Only two of the provided features are continuous/numerical, so Gaussian Discriminant Analysis was not an appropriate tool to use due to the fact that it assumes that the features are normally distributed. Instead, we turned to Naive Bayes as a potential model because it can handle both Gaussian and Binary distributed features. Due to the fact that Naive Bayes assumes independence between the features, we can split the dataset into Gaussian and Bernoulli features and get final probabilities at the end by multiplying the probabilities of the two separate models together. For each of the sets, we can train a Naive Bayes model of the corresponding type on just the appropriate features. Then, rather than using the predict method to get labels, we grab the probabilities for each class. Multiplying these newly calculated probabilities together from both the Gaussian and Bernoulli models, we get a "combined" probability that accounts for all of the features in the data. Then, assigning class labels is as easy as choosing the argmax of the resultant probabilities for each input. In addition to being theoretically sound (by the assumed independence of features), we experimentally see that the combined model improves on the f1 scores of both subset models. Using this combined model (w/ SMOTE), we end up with a recall of $0.65$, an accuracy of $0.79$, and an f1 of around $0.24$. Unfortunately, there aren't a whole lot of model parameters that can be changed for the Naive Bayes model. The only possiblity being "var_smoothing" which is just used for calculation stability on GaussianNB and "alpha" a smoothing parameter for BernoulliNB. Thus, the best we can do with Naive Bayes is an f1 score of $0.24$. 

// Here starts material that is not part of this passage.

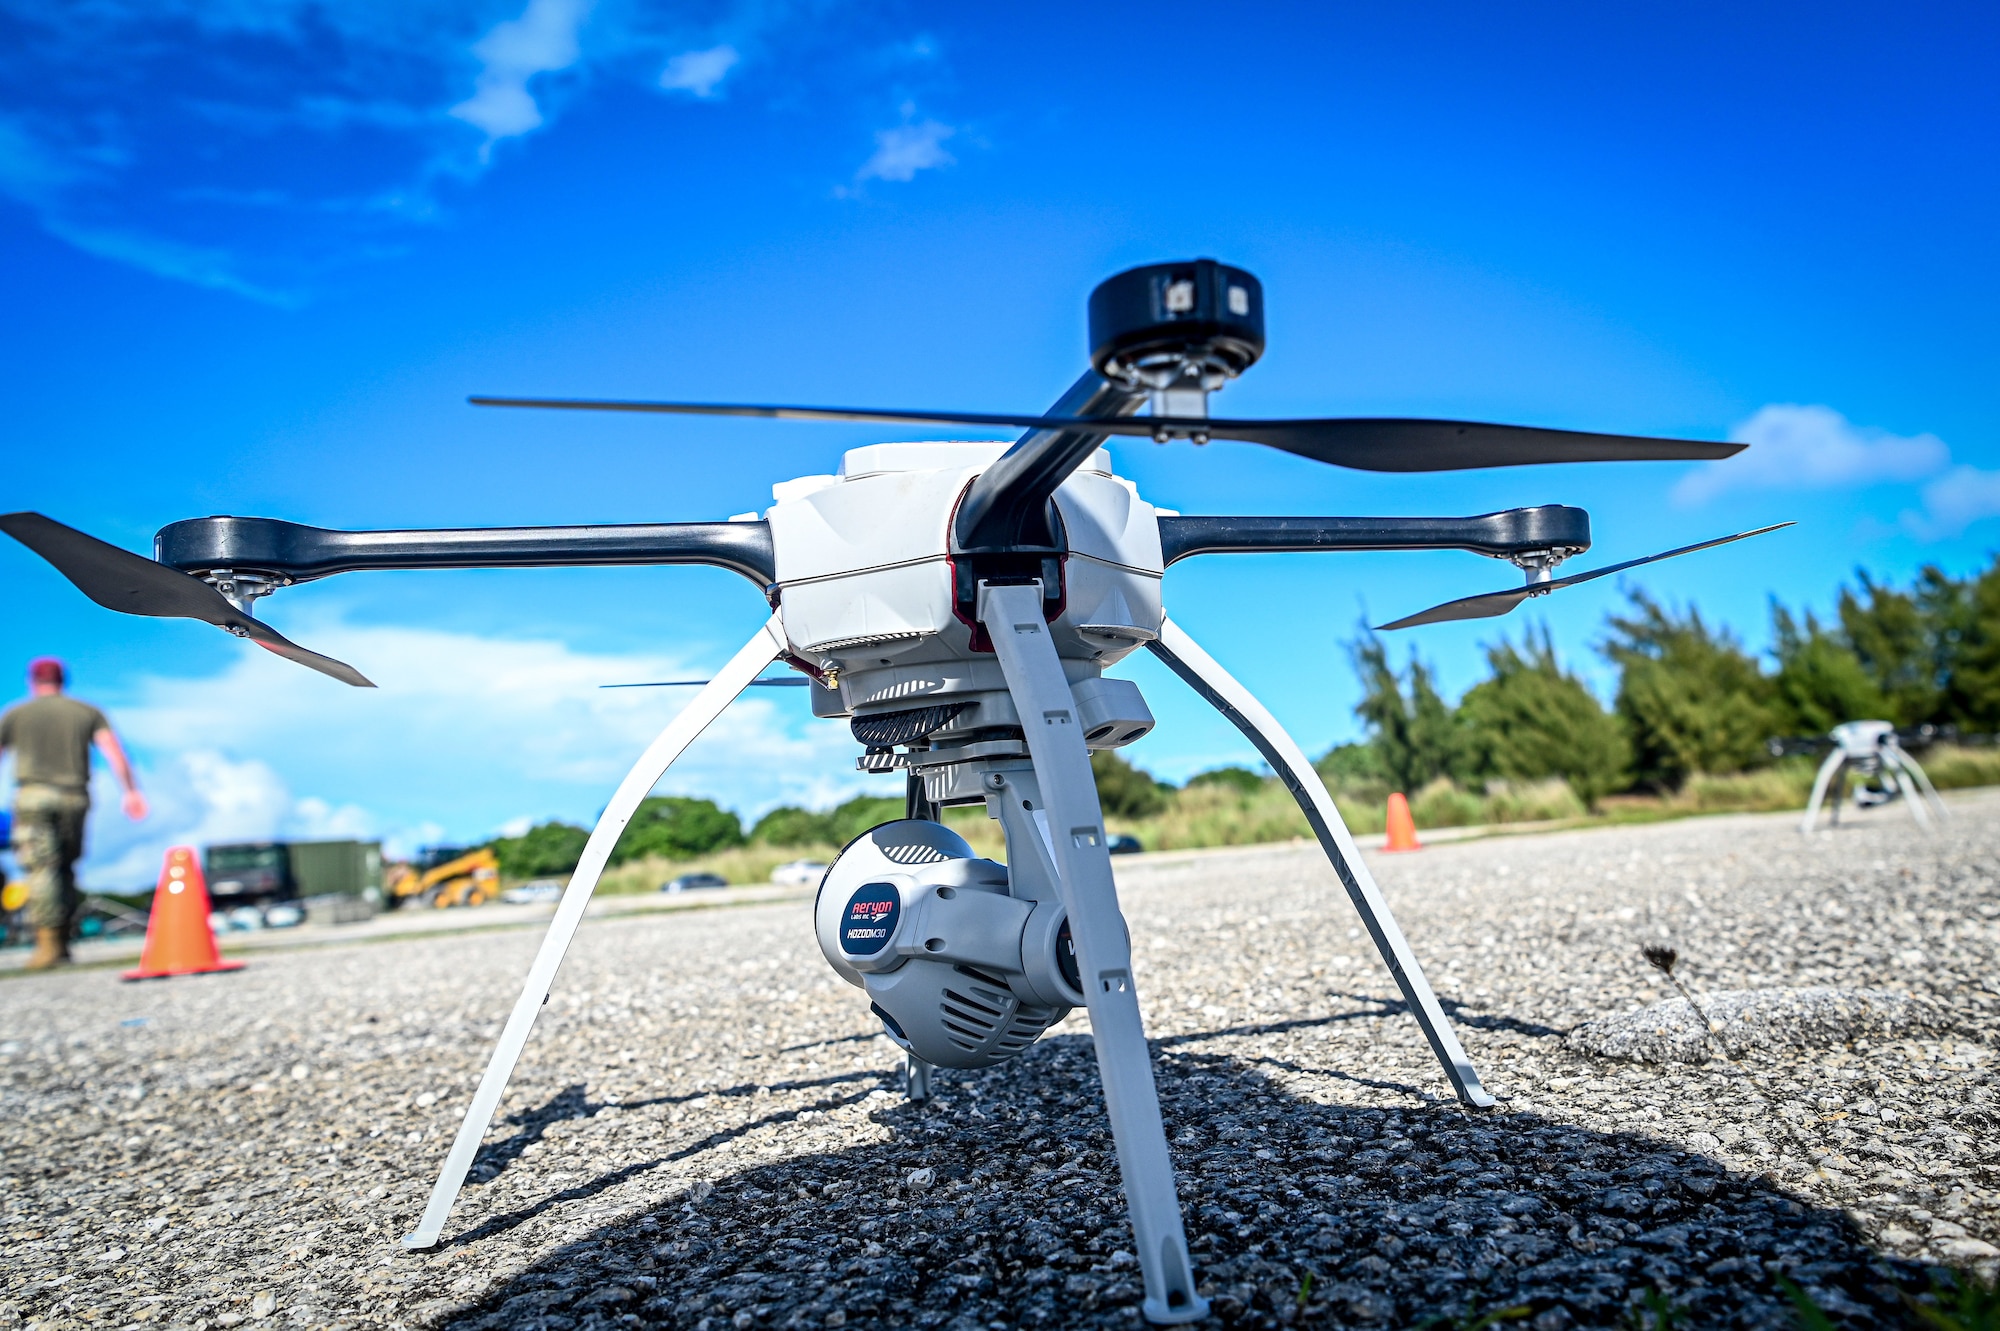 U.S. Air Force civil engineers fly a Small Unmanned Aircraft System during Rapid Airfield Damage Assessment System testing at Andersen Air Force Base, Guam, Nov. 5, 2021.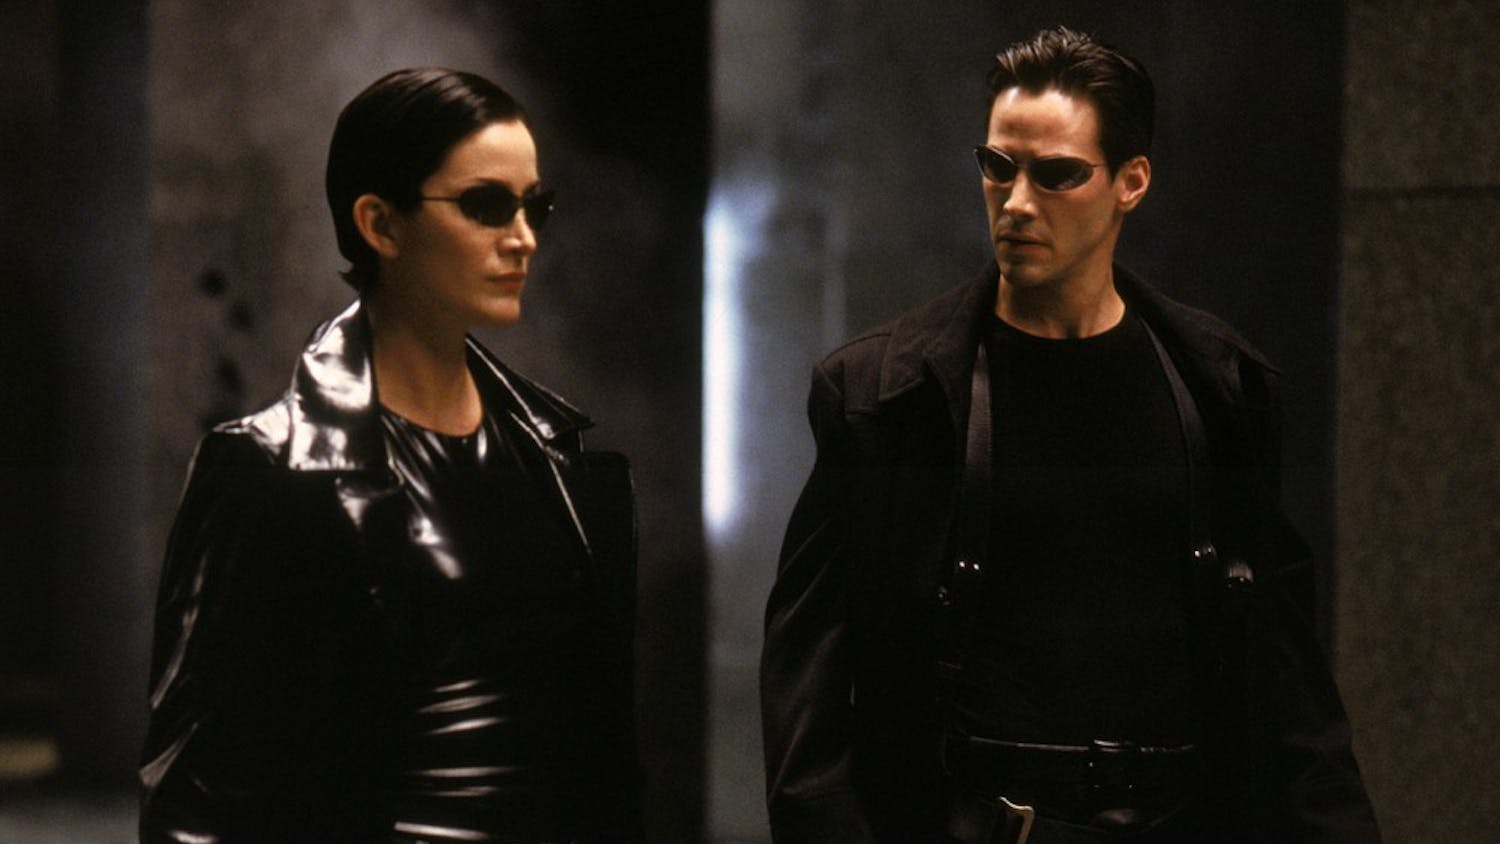 Carrie-Anne Moss and Keanu Reeves star in "The Matrix."

Another option we explored as a way to predict stroke occurances was a K-Nearest Neighbors Classifier. Without SMOTE or any fine tuning of parameters, the model is useless with a recall score around $.01$ and an f1 score of about $0.02$. Oversampling immediately yields much better results with a recall score of about $0.51$, an accuracy of $0.79$, and an f1 score of around $0.19$ which is actually already decent compared to our scores on the Naive Bayes. Unfortunately, the tuning of model parameters using GridSearch doesn't improve the SMOTE model significantly. It provides a slight jump up to a recall of $.59$, a slight accuracy decrease to $.78$, and a slight jump up to a f1 score of about $.21$. Thus, even with all the improvements we could make with our KNN classifier, it underperforms when compared to the combined Naive Bayes model we talked about previously.